YOUR GOAL: Using the entries below, copy exactly each line from the line with "中国光大银行股份有限公司杭州高新支行(企业信用报告)- 天眼查" up to and including the line with "安西リハーサル火山学塗香(甘口) 12g入", with every picture left out.

SOURCE MATERIAL:
━━━━━━━━━━━━━━━━━━━━━━━━━━━━━━

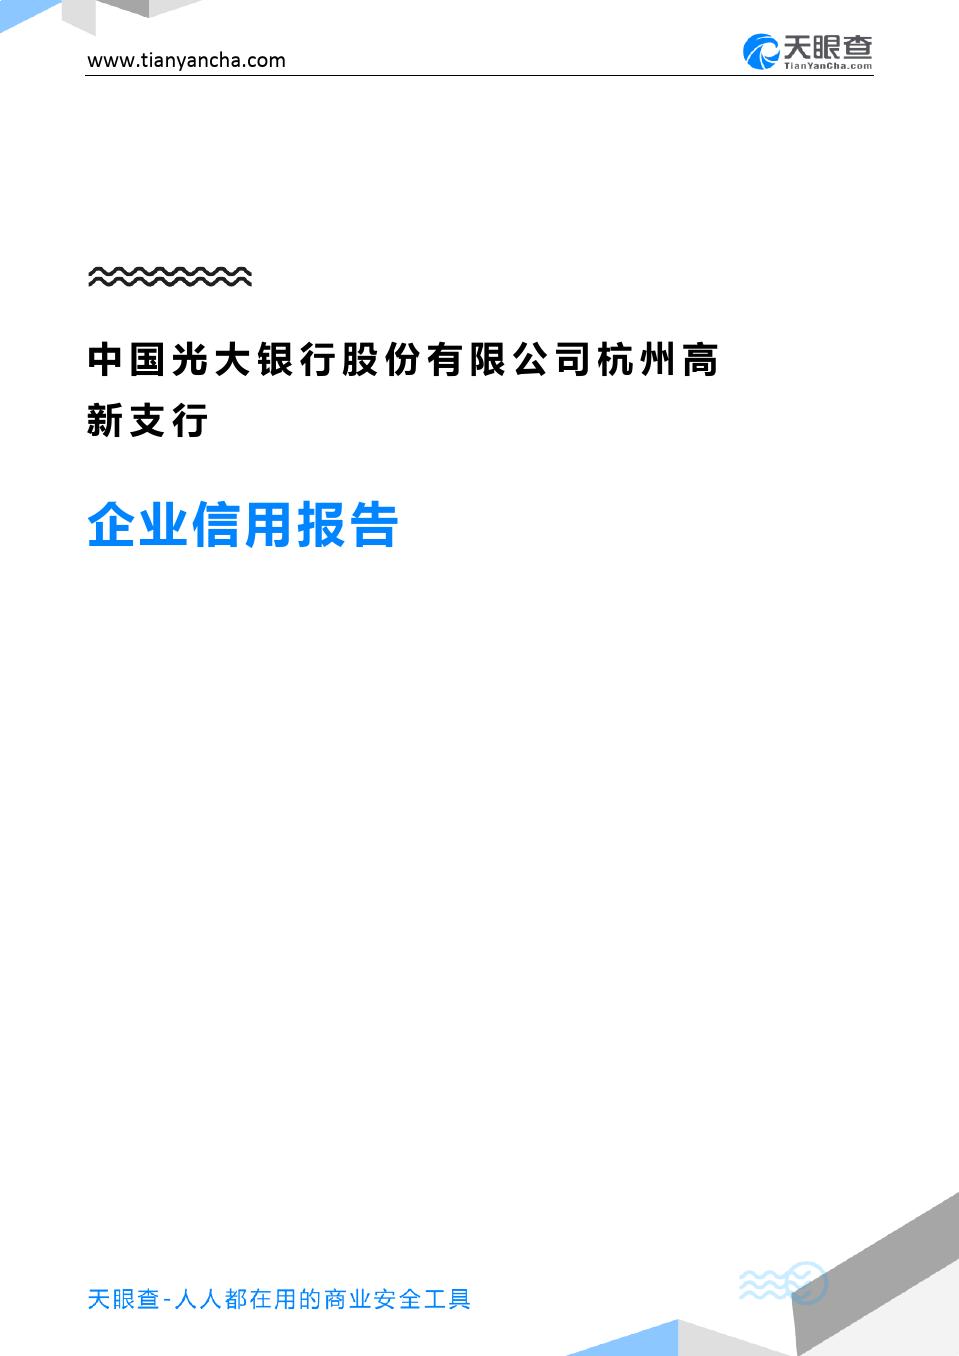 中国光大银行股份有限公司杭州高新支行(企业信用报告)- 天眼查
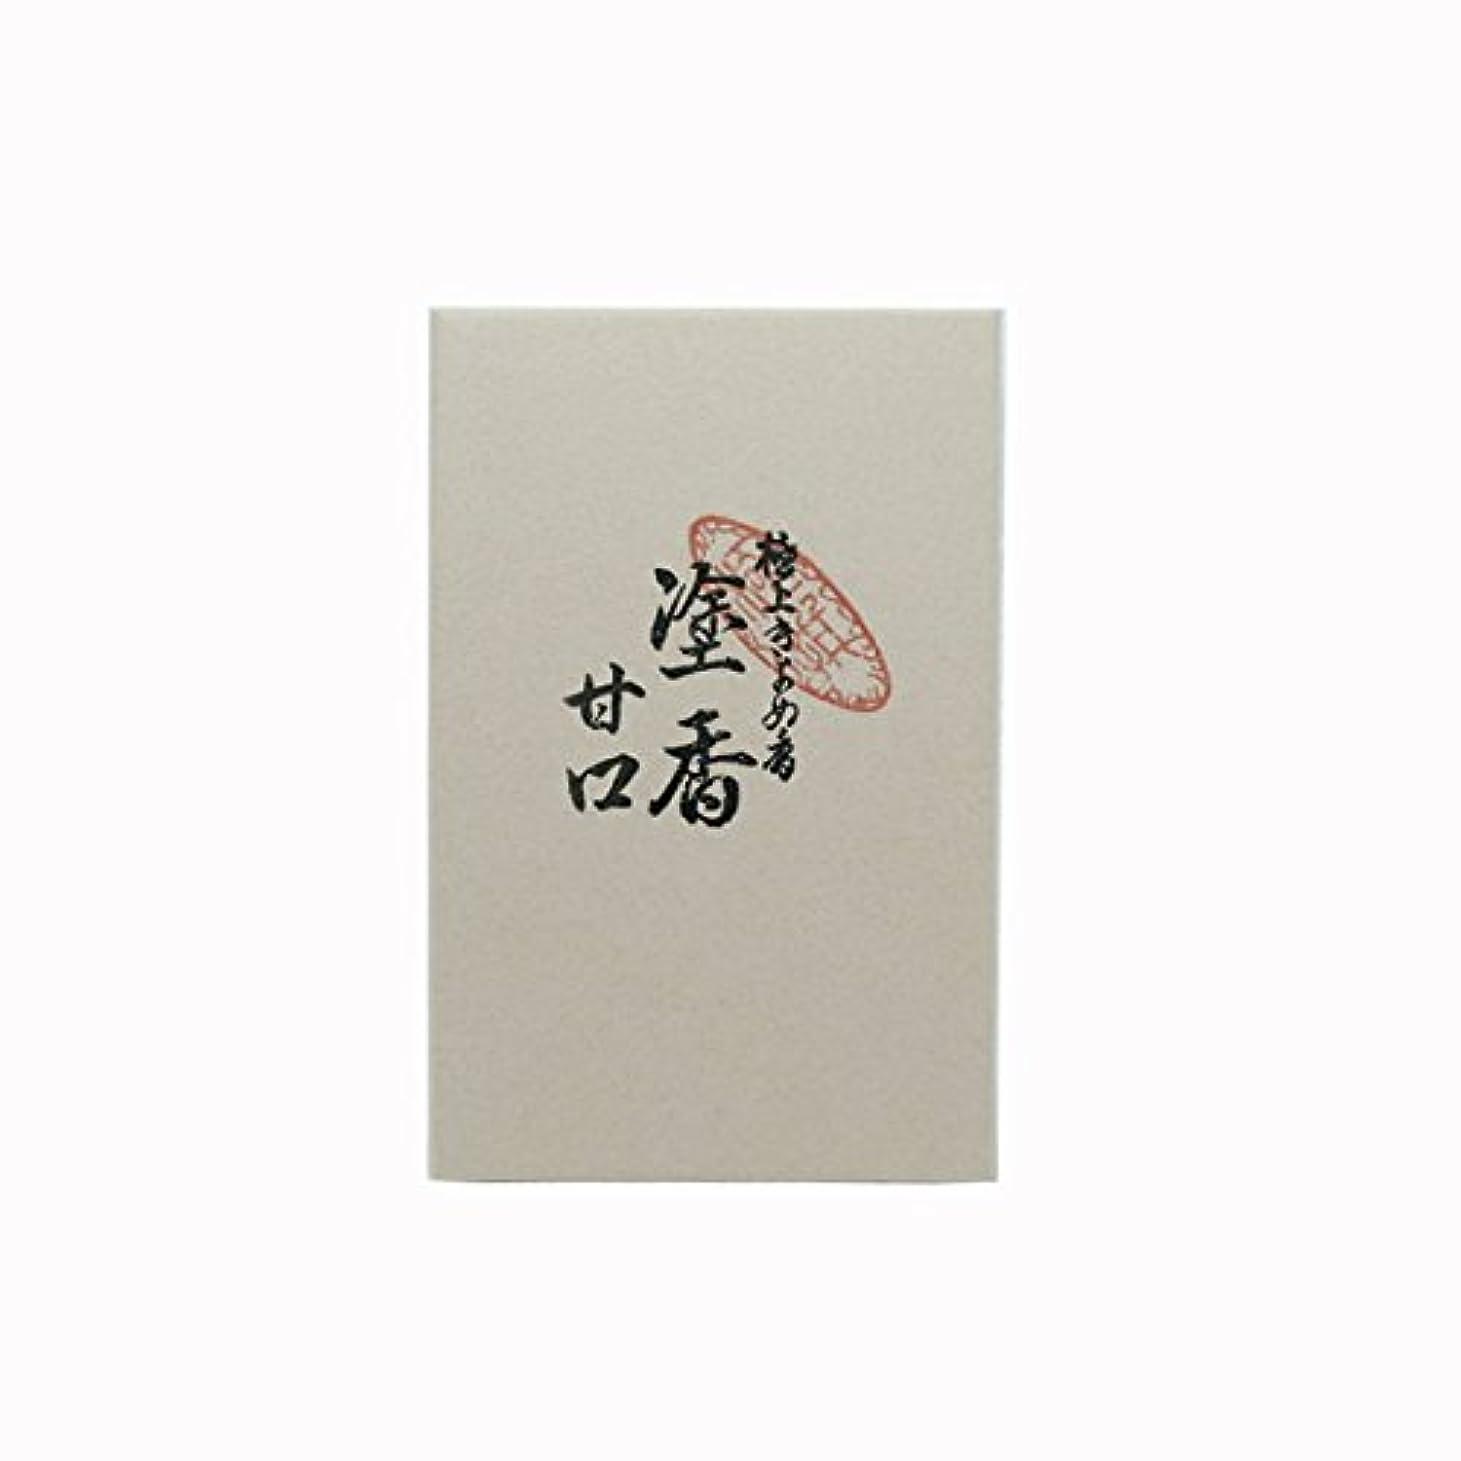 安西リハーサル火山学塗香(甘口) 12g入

━━━━━━━━━━━━━━━━━━━━━━━━━━━━━━

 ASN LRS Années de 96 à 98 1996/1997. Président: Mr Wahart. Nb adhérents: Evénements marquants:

━━━━━━━━━━━━━━━━━━━━━━━━━━━━━━

ANSWER BOX:
 中国光大银行股份有限公司杭州高新支行(企业信用报告)- 天眼查
 安西リハーサル火山学塗香(甘口) 12g入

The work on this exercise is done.